The terms "electronic signature" and "digital signature" are often used interchangeably — but they mean very different things. Understanding the distinction helps you choose the right approach for your documents.
An electronic signature (e-signature) is any electronic mark that represents a person's intent to agree to a document. This includes a drawn signature on a touchscreen, a typed name in a signature font, a scanned image of a handwritten signature, or even clicking "I Agree" on a webpage. E-signatures are legally valid under laws like the ESIGN Act (US) and eIDAS (EU) for most business contracts.
A digital signature is a specific type of electronic signature that uses cryptographic technology — a public/private key pair — to mathematically bind the signer's identity to the document. Digital signatures provide a verifiable audit trail and are tamper-evident. Changes to the document after signing invalidate the signature. They require a digital certificate issued by a trusted Certificate Authority.
E-signatures are appropriate for standard business contracts, NDAs, employment agreements, sales contracts, rental agreements, and most everyday documents where the parties trust each other's identity. Services like pdfeditor.onl create electronic signatures.
Tip: For the vast majority of business use cases — including legally binding contracts — a simple e-signature is sufficient and legally enforceable.
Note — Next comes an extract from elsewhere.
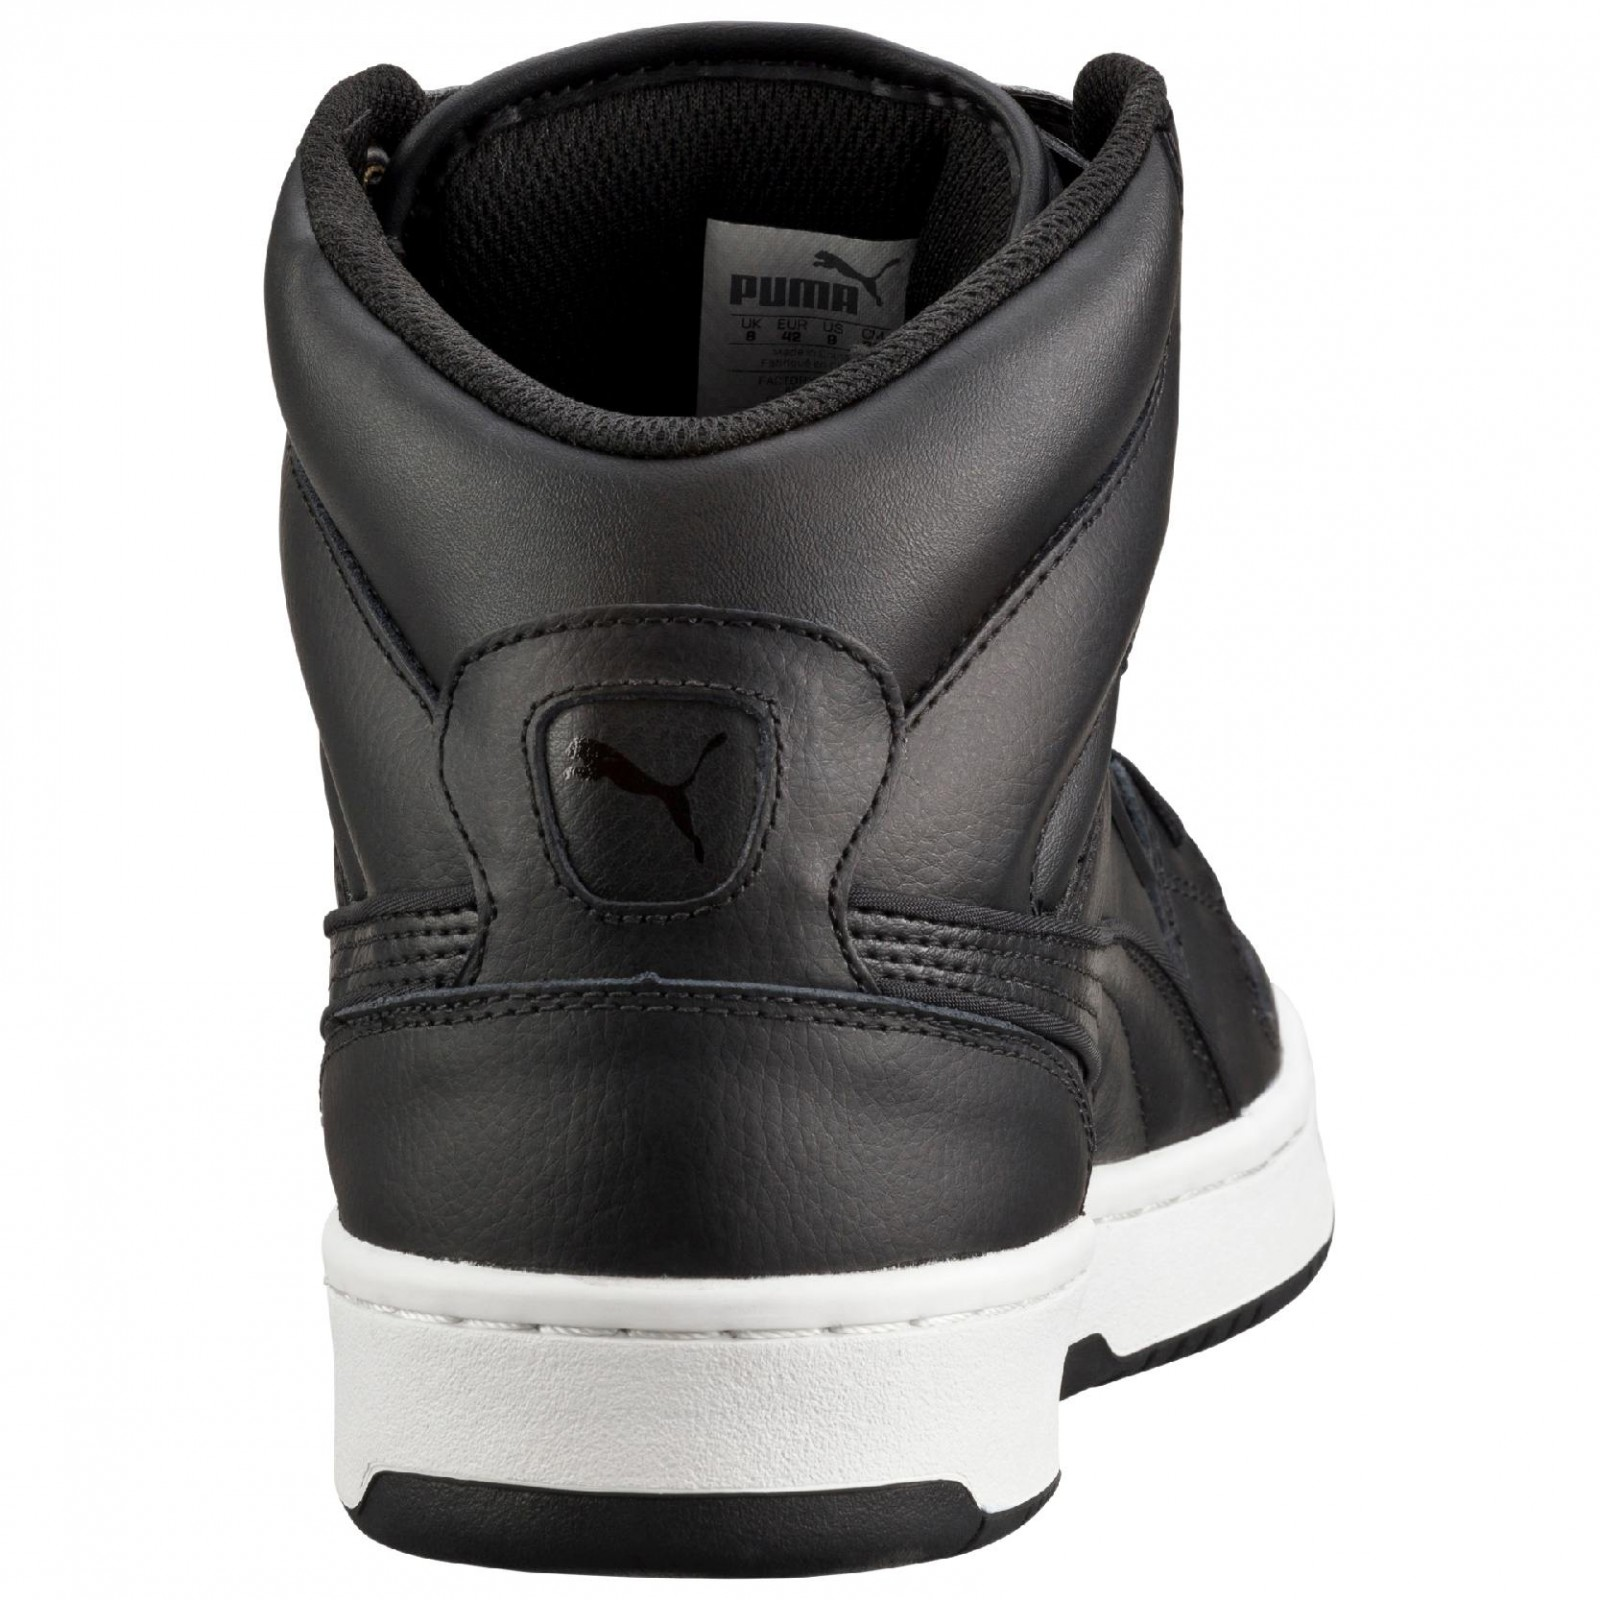 Dámské boty Puma Rebound Street L black-bl  c61fa15bf71

Digital signatures are required for regulated industries with strict identity verification requirements — such as pharmaceutical trial documentation, government filings, medical device compliance, and financial instruments subject to specific regulations. They require a paid certificate from a Certificate Authority.
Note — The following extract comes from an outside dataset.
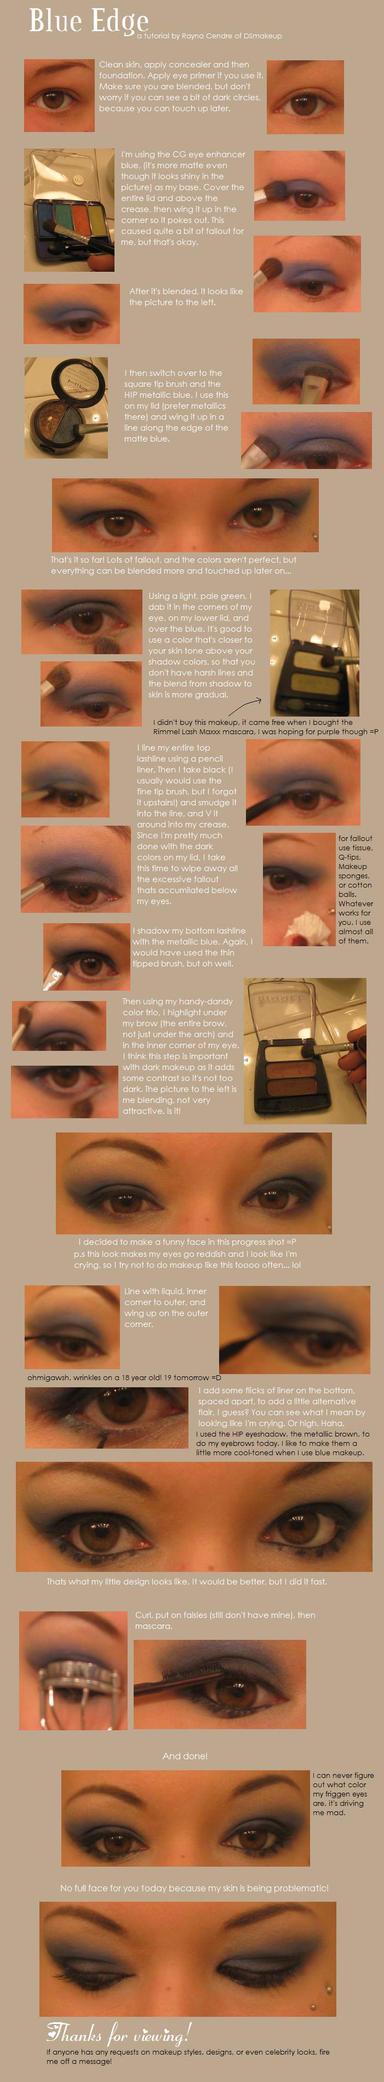 Blue Edge Makeup Tutorial by DSmakeup

Yes, for most contracts. Under ESIGN (US), eIDAS (EU), and equivalent laws in over 60 countries, electronic signatures are legally enforceable for standard commercial agreements.
Electronic signatures. The drawn or typed signature is embedded as a visual mark into the PDF. It is legally valid for most business contracts but does not include a cryptographic certificate.
Digital signatures require identity verification through a Certificate Authority. Electronic signatures rely on the surrounding context — email records, IP logs, and timestamp data — as evidence of intent.